Increased body fat, especially central body fat, is seen to cause a parallel increase in free T3 and TSH, irrespective of insulin sensitivity or other metabolic parameters.[16] In obese children, increased FT3 is the most common thyroid function abnormality, followed by an increase in TSH.[13] Leptin, adjusted for BMI, was found to correlate with TSH, indicating that the increase in TSH and leptin levels in severe obesity could be the result of an increased amount of fat.[3] At the central level, leptin acts as a regulator of the hypothalamic–pituitary–thyroid axis, activating thyrotropin-releasing hormone gene expression in the paraventricular nucleus, contributing to the increased TSH. At the peripheral level, leptin stimulates thyroid deiodinase, increasing the conversion of T4–T3.[15],[17] Curiously, leptin and THs might share some common downstream action sites and could act additively, though independently, to enhance calorigenic metabolism.[18]

Impaired feedback regulation of TSH by FT3/FT4 due to a state of mild TH resistance seen in obesity also contributes to elevated TSH. These elevations in TSH and FT3 might be compensatory adaptive mechanisms to increase REE and thereby slow down weight gain, analogous to the reduction in TSH and FT3 seen in anorexia nervosa, although to achieve the opposite effect.[19] Nevertheless, some studies have reported a decrease in FT4 with increasing BMI, leading to the speculation that thyroid function abnormalities could be the primary reason for increases in BMI[20],[21] [Figure 1].{Figure 1}

 Obesity and Thyroid Autoimmunity



The pathogenesis of autoimmune diseases is both genetically and immunologically mediated.[22],[23],[24],[25] Obesity is a chronic low-grade inflammatory process resulting in the production of cytokines and other inflammatory markers such as interleukin-1 (IL-1), IL-6, and tumor necrosis factor alpha by the adipose tissue.[26] Increased levels of adipokines such as IL-6 and leptin play a vital role in mediation of immune and inflammatory responses.[27],[28] Leptin, by shifting T helper (Th) balance toward Th1 phenotype and inhibiting the function of regulatory T (Treg) cells, might encourage the autoimmune process.[29],[30] Observational research shows that adipokine dysfunction is associated with thyroid autoimmunity.[31],[32] Inflammatory cytokines may also inhibit the mRNA expression of sodium/iodide symporter, influencing iodide uptake activity of human thyroid cells.[19] A meta-analysis revealed that obesity is associated with a 93% increased risk of developing positive thyroid peroxidase antibody. Thyroid autoantibodies are the hallmarks of Hashimoto thyroiditis which is believed to be the main cause of hypothyroidism in iodine-sufficient regions.[33] A recent study has shown that the prevalence of hypothyroidism as diagnosed by low FT3, FT4, and deranged lipid profile was higher in obese when compared with age and sex-matched controls, especially if median leptin levels were >33.8 ug/l, unrelated to BMI or fat mass.[4] On the contrary, the raised serum TSH seen in most of morbidly obese patients, in the absence of low TH or clinical evidence of hypothyroidism, is not accompanied by circulating thyroid Ab. Hence, raised TSH alone (hyperthyrotropinemia, sometimes labeled as subclinical hypothyroidism) may not indicate true hypothyroidism in patients with morbid obesity.[34]
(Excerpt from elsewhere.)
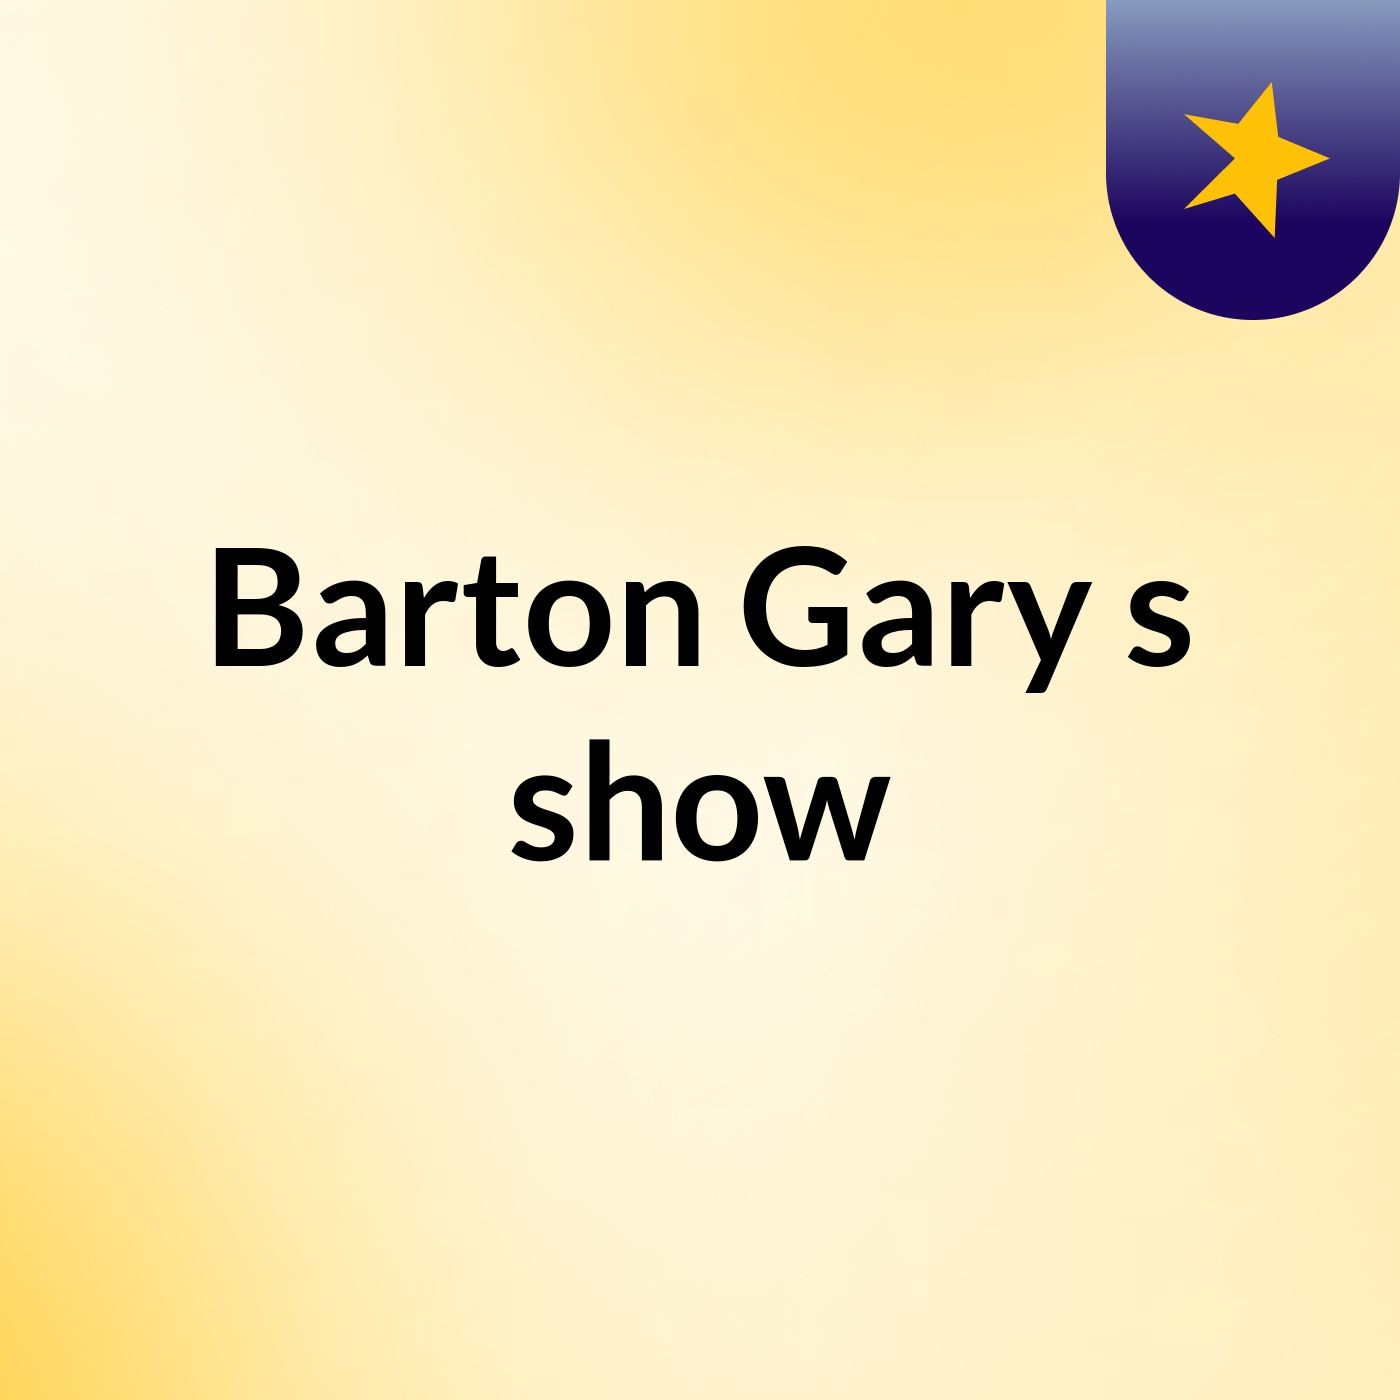 Episode 8 - Barton Gary's show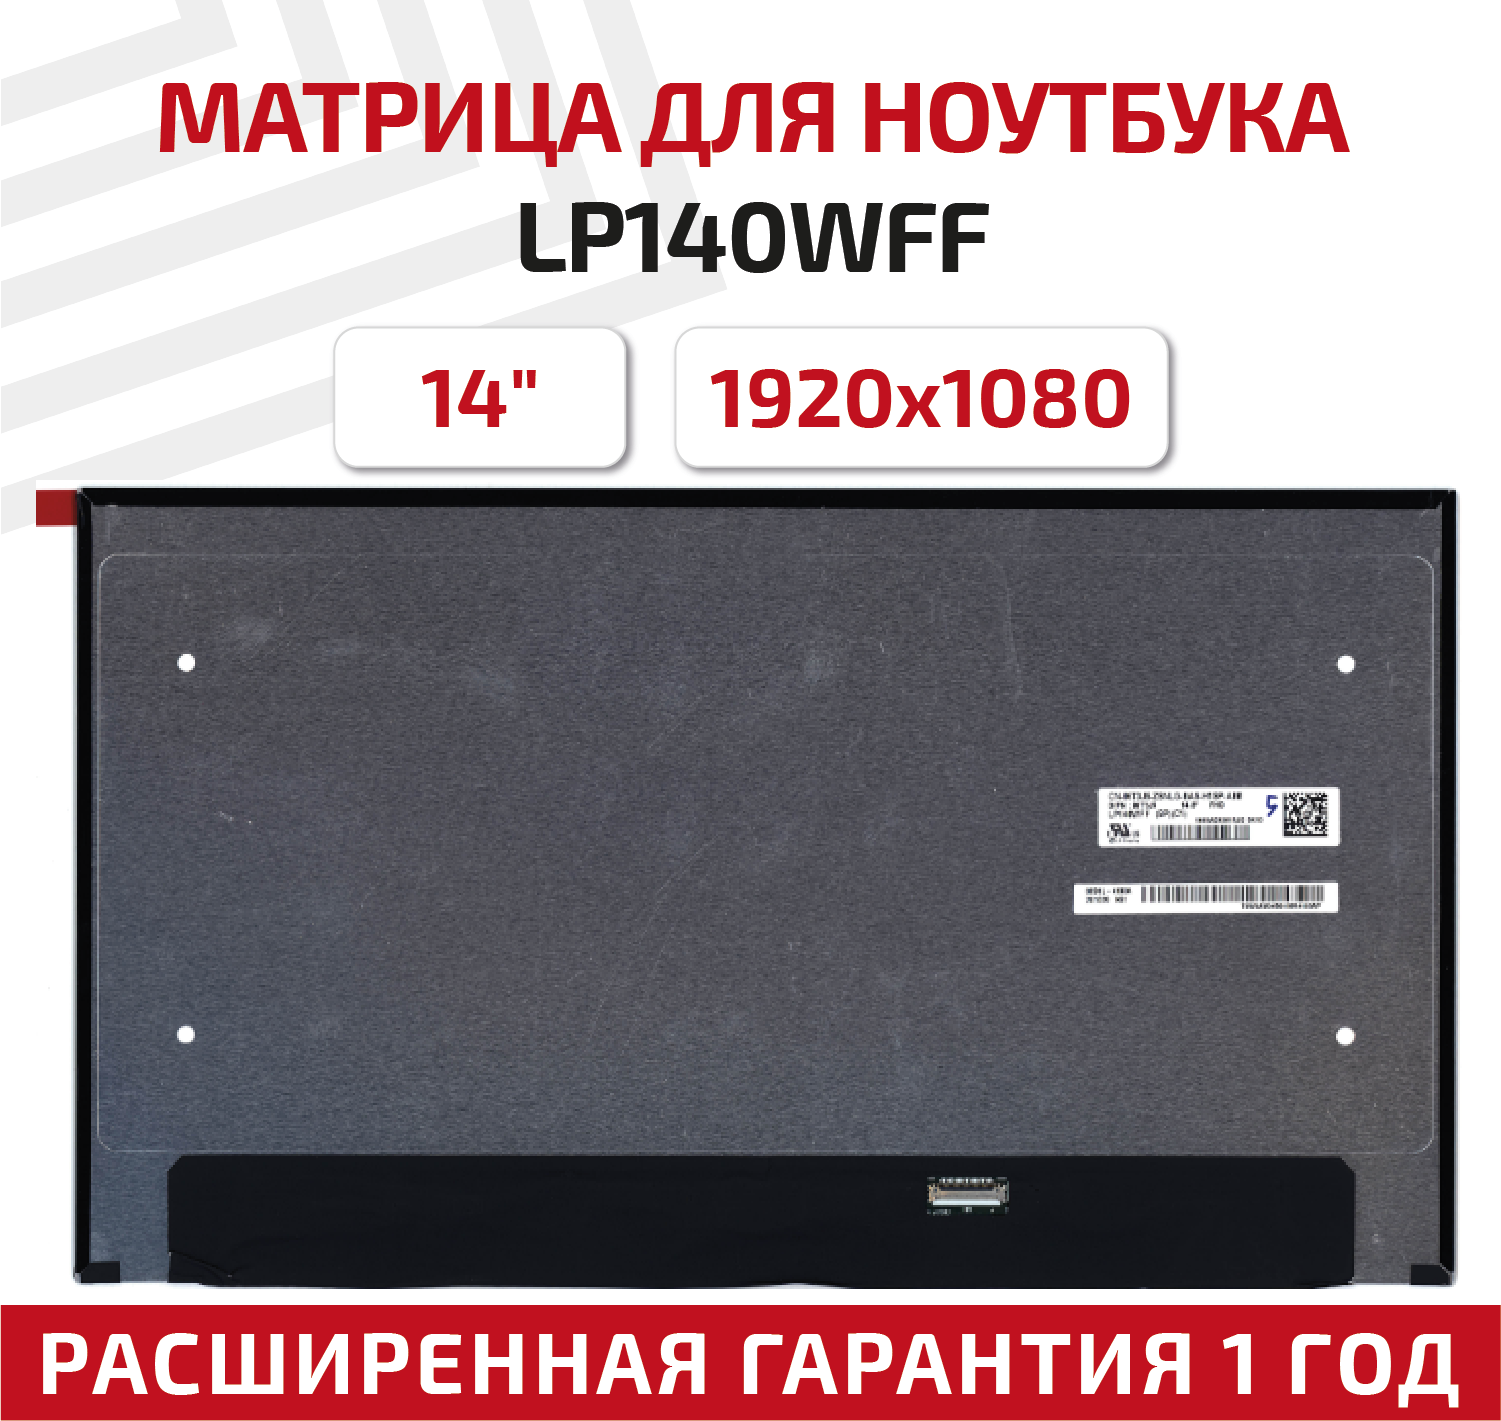 Матрица (экран) для ноутбука LP140WFF(SP)(C1), 14", 1920x1080, 30-pin, eDp, UltraSlim, светодиодная (LED), глянцевая

Thyroid ultrasound is often used as a complementary tool to thyroid biochemistry in diagnosing autoimmune thyroid disease (AITD). However, in morbid obesity, alterations in thyroid morphology could result in a hypoechoic pattern in ultrasonogram, with no clinical signs of thyroid disease and with negative thyroid autoantibodies.[35] Marked weight loss achieved by bariatric surgery is seen to reverse these changes. It is possible that obesity-induced elevations in inflammatory markers like ILs increase the vascular permeability in thyroid gland with fluid extravasation giving rise to a hypoechoic pattern.[36]

 Effect of Weight Loss On Thyroid Function



Moderate-to-major diet-induced weight loss is seen to reverse TH alterations, decreasing FT3 and TSH to normal levels and decreasing REE, in adults as well as children.[13],[37],[38],[40],[41] This fall in FT3 during the initial phases of weight loss due to calorie restriction can significantly decrease REE/BMR, making it difficult to sustain weight loss on long term.[38] However, this supposition was refuted by another observation where higher baseline FT3 and FT4 were associated with greater weight loss in the first 6 months of calorie restriction, without weight regain even at 24-month follow-up.[42] Other studies have noted that weight reduction leads to a long term decrease in the peripheral THs (T3 and T4) but not in TSH.[43],[44]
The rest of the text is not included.